PW: In Tribeca Blues , your protagonist, Terry Orr, comes to some striking realizations about people he thought he knew well. How did you come up with that scheme?
Jim Fusilli:I think one of the advantages for a writer who uses the first-person narrative is that the reader tends to believe what the narrator says. But in Terry's case, I think the reader gets the sense that there's a difference between what he sees and what he knows. I think from the earliest moments in Closing Time [Fusilli's first book featuring Terry], there's a sense that Terry's perception of his wife could not have been accurate.
PW: Is that part of a larger comment you're making on relationships in general?
JF: I think we all have a tendency to idolize those we like and to vilify those we don't. By and large, we're not rational when it comes to people we know and care about. In Terry's case, he has an awful lot of baggage that prevents him from evaluating what's going on around him.

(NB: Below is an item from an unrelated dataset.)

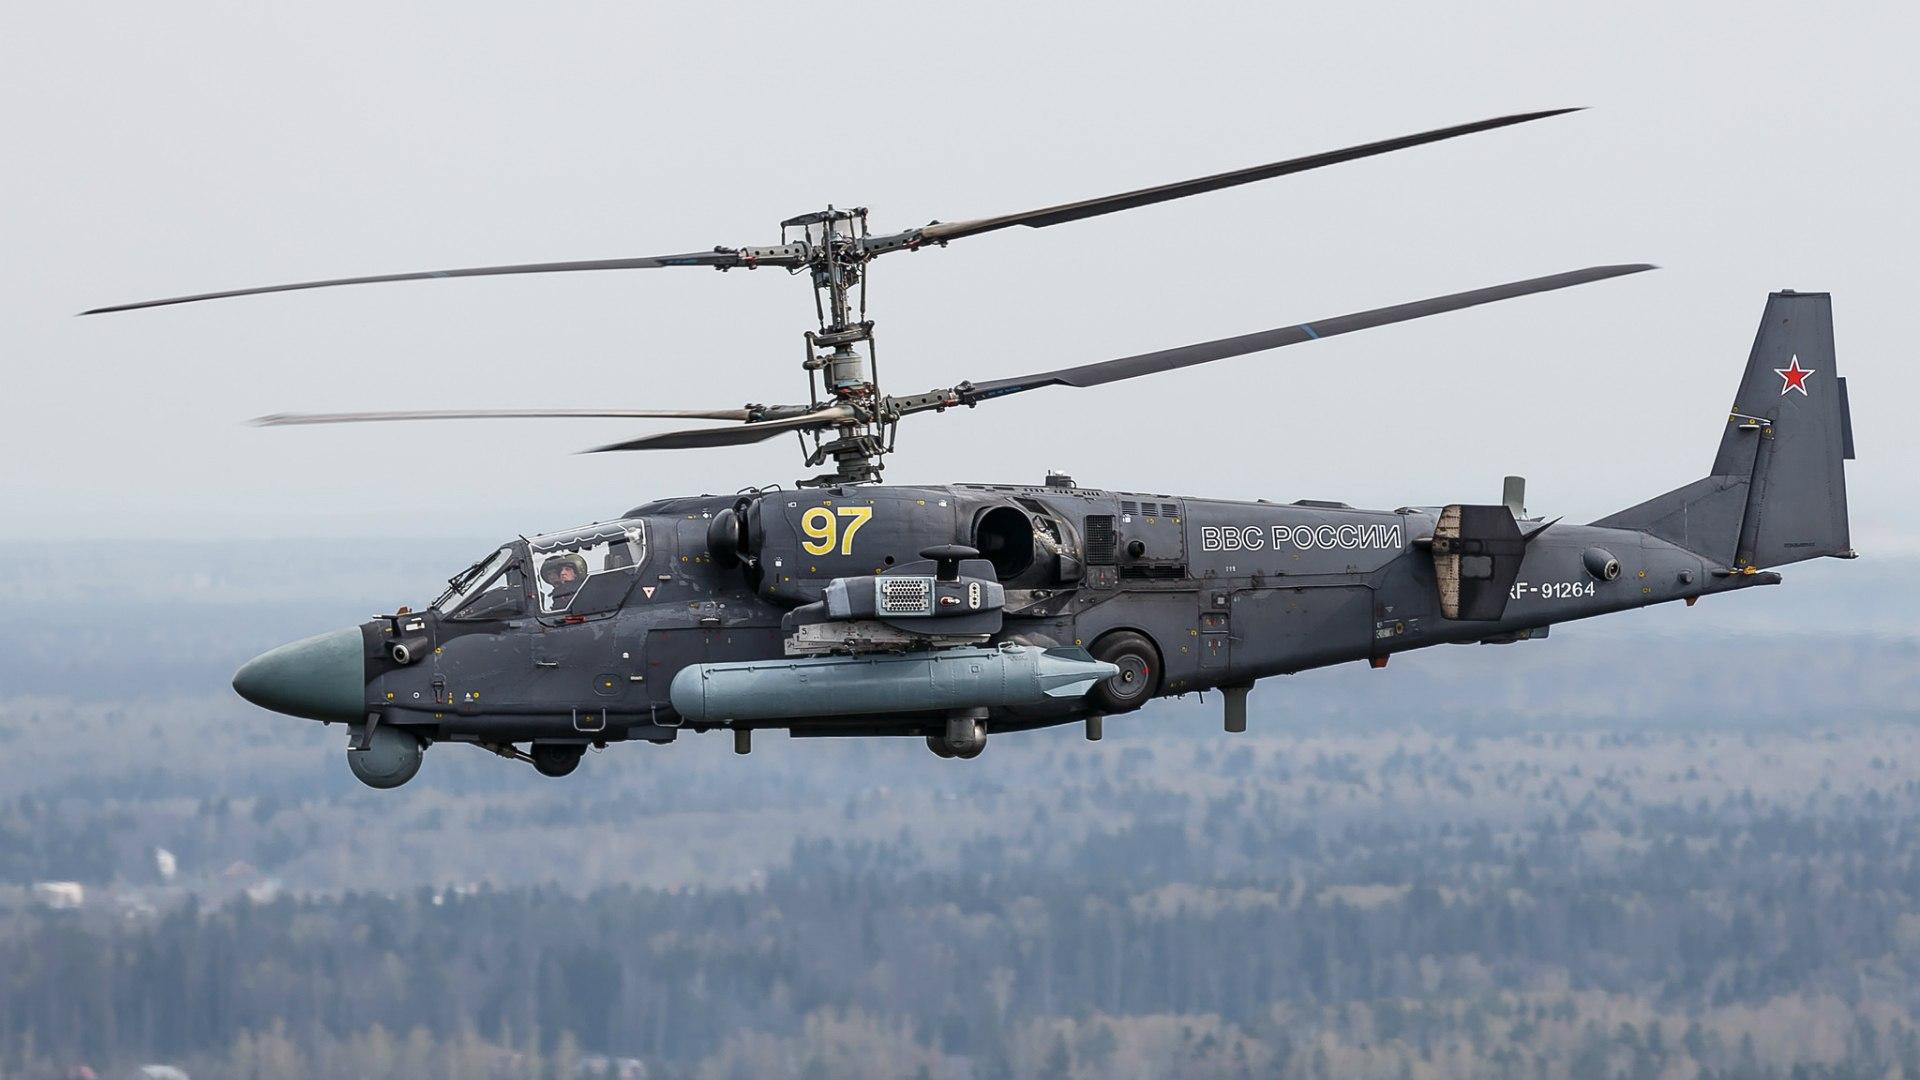 самый грузоподъемный вертолет в мире

PW: You also make some scathing comments about family. The bonds between characters not related by blood in this book seem to be deeper (and healthier) than any of those who are.
JF: For the series, you have three types of close relationships: you have blood, you have marriage, and then you have friendship. In this series, people are continually let down by blood relatives. For me as a writer, I'm exploring how Terry became the way he is. Both Terry and Bella [Terry's daughter] suffer from the same family problem. Bella has one dead parent and an inattentive living one.
PW: How did you compose Bella's character?
JF: Something that's always irked me about the classic PI stories I know and love is not knowing more about the characters' histories. So I pledged to myself that I'd let the reader know as much as possible about the characters and let them develop in a natural way, so the reader would be able to follow along, and maybe even project what may happen. With Bella, here was a happy, precocious, bright child, who suddenly lost her mother and brother, and had her father withdraw his affection and attention. She had to adapt. Most of the series' focus is on Terry and the crimes he investigates, but an ongoing story offstage is Bella's development. She's the most interesting character in the series for me. She's already changed significantly since Closing Time.
PW: The scars of 9/11 are still present in Terry's TriBeCa. How has it influenced the characters in this series?
JF: I have to answer that in two ways. When I first started going to TriBeCa 11 years ago, it was different from today. More of its blue-collar roots were visible. It was also a neighborhood in transition. That was going to be a metaphor for Terry—someone who'd come from a blue-collar background who's grown into wealth. On to the second part of the question: A Well-Known Secret was the first novel anywhere in the world to address the impact of 9/11 on its characters. I think the cloud of 9/11 hangs over the series the way it does over TriBeCa, and it's still a metaphor, since Terry's trying to recover in the way that downtown New York is trying to recover.
PW: What's touring like for you?
JF: If I had my druthers, I'd tour a lot. For someone like me who does nothing but write—I do my novels, I do a column for the Boston Globe, I write my pieces for the Wall Street Journal and NPR—I need the stimulus of getting out and talking to readers. It's really important to me to get that feedback. It's not ego-stroking; it's more constructive. I think writers are in the service of readers, particularly in genre fiction.